UNPUBLISHED
UNITED STATES COURT OF APPEALS
FOR THE FOURTH CIRCUIT
No. 99-1995
CAROLYN DELEON,
Plaintiff - Appellant,
versus
ENTERPRISE LEASING COMPANY, a/k/a Enterprise
Rent-A-Car,
Defendant - Appellee,
and
BRAD DANIEL; TERRY SANDERFORD; RICHARD RUSH,
Defendants.
No. 99-2505
CAROLYN DELEON,
Plaintiff - Appellant,
versus
ENTERPRISE LEASING COMPANY, a/k/a Enterprise
Rent-A-Car,
Defendant - Appellee,
and
BRAD DANIEL; TERRY SANDERFORD; RICHARD RUSH,
Defendants.
Appeals from the United States District Court for the Eastern Dis-
trict of North Carolina, at Raleigh.

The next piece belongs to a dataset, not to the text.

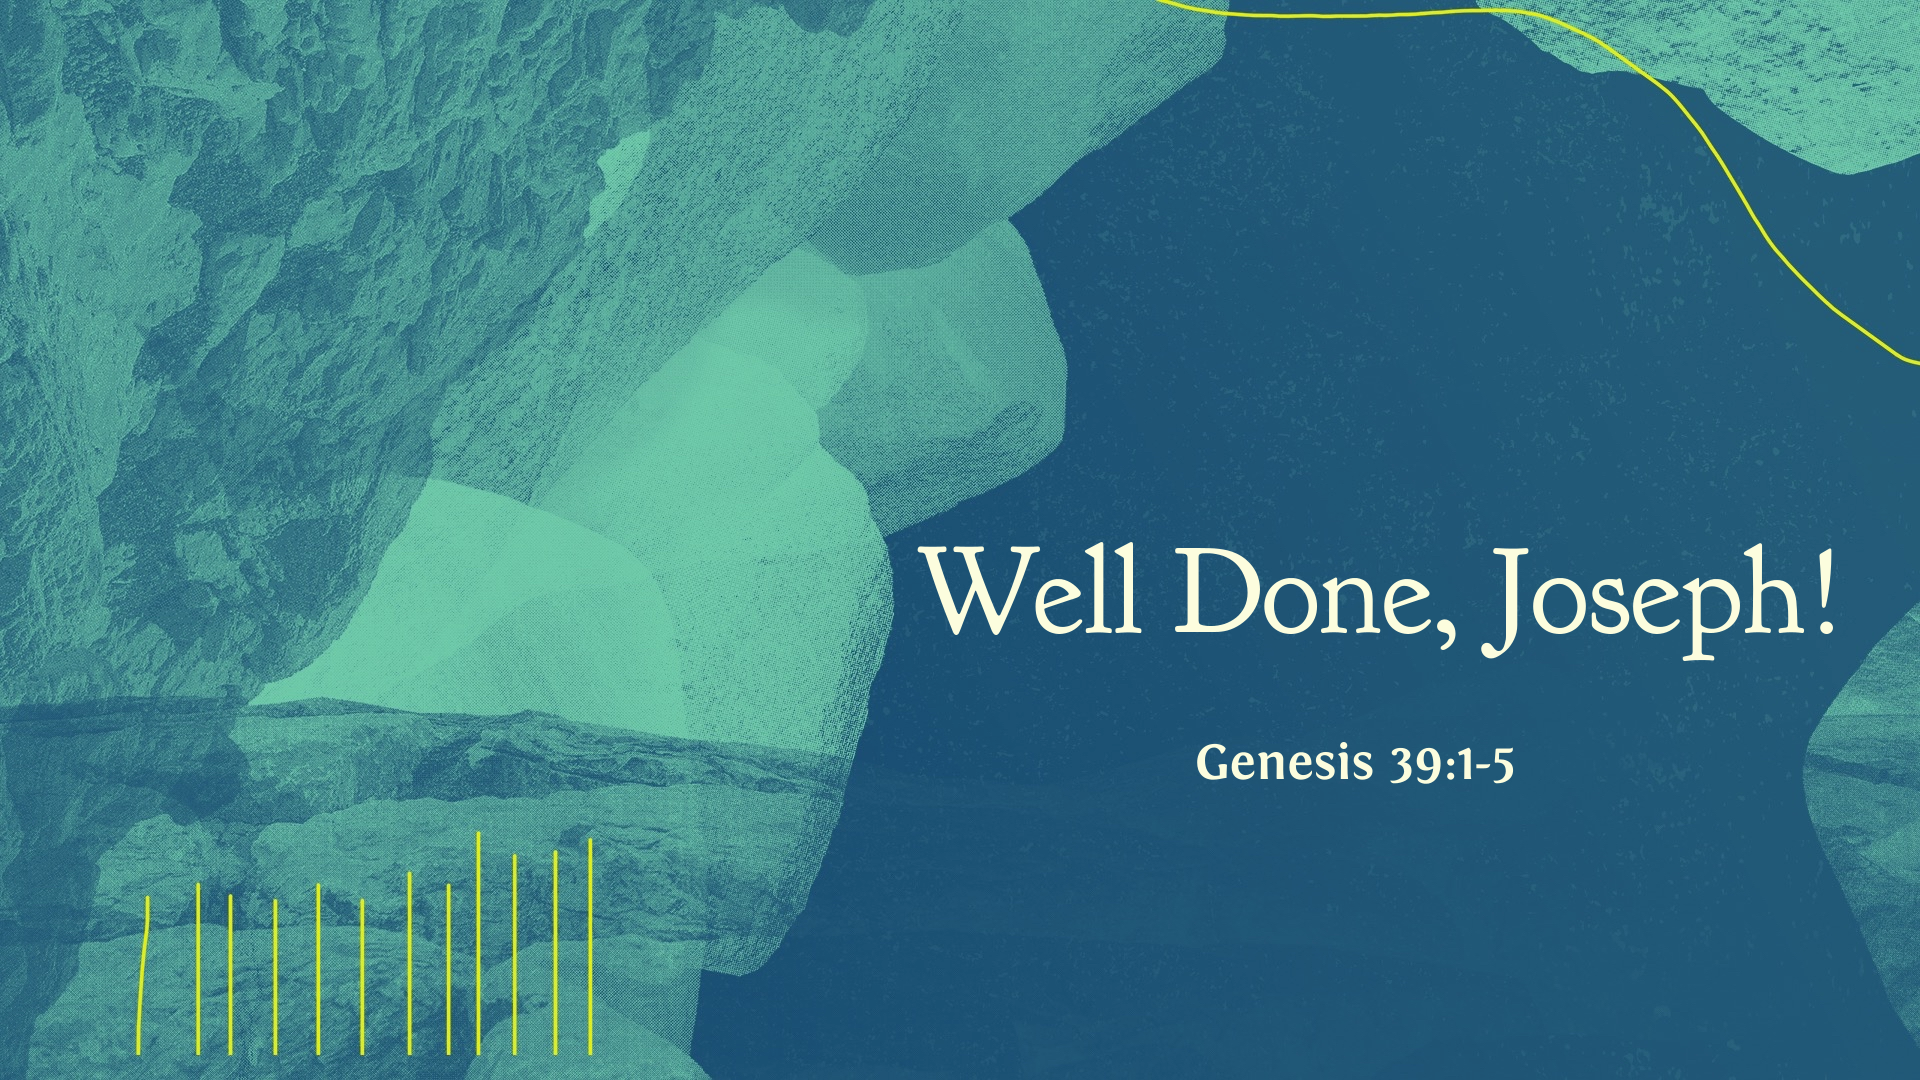 May 2, 2021 - Well Done, Joseph! (Video) Genesis 39: 1-5

Malcolm J. Howard, District
Judge. (CA-97-972-5-H)
Submitted: February 10, 2000 Decided: February 15, 2000
Before WIDENER and NIEMEYER, Circuit Judges, and HAMILTON, Senior
Circuit Judge.
No. 99-1995 dismissed and No. 99-2505 affirmed by unpublished per
curiam opinion.
Carolyn DeLeon, Appellant Pro Se. Brian Edward Clemmons, YOUNG,
MOORE & HENDERSON, P.A., Raleigh, North Carolina; Patricia M.
McFall, MCMAHON, BERGER, HANNA, LINIHAN, CODY & MCCARTHY,
St. Louis, Missouri, for Appellee.
Unpublished opinions are not binding precedent in this circuit.
See Local Rule 36(c).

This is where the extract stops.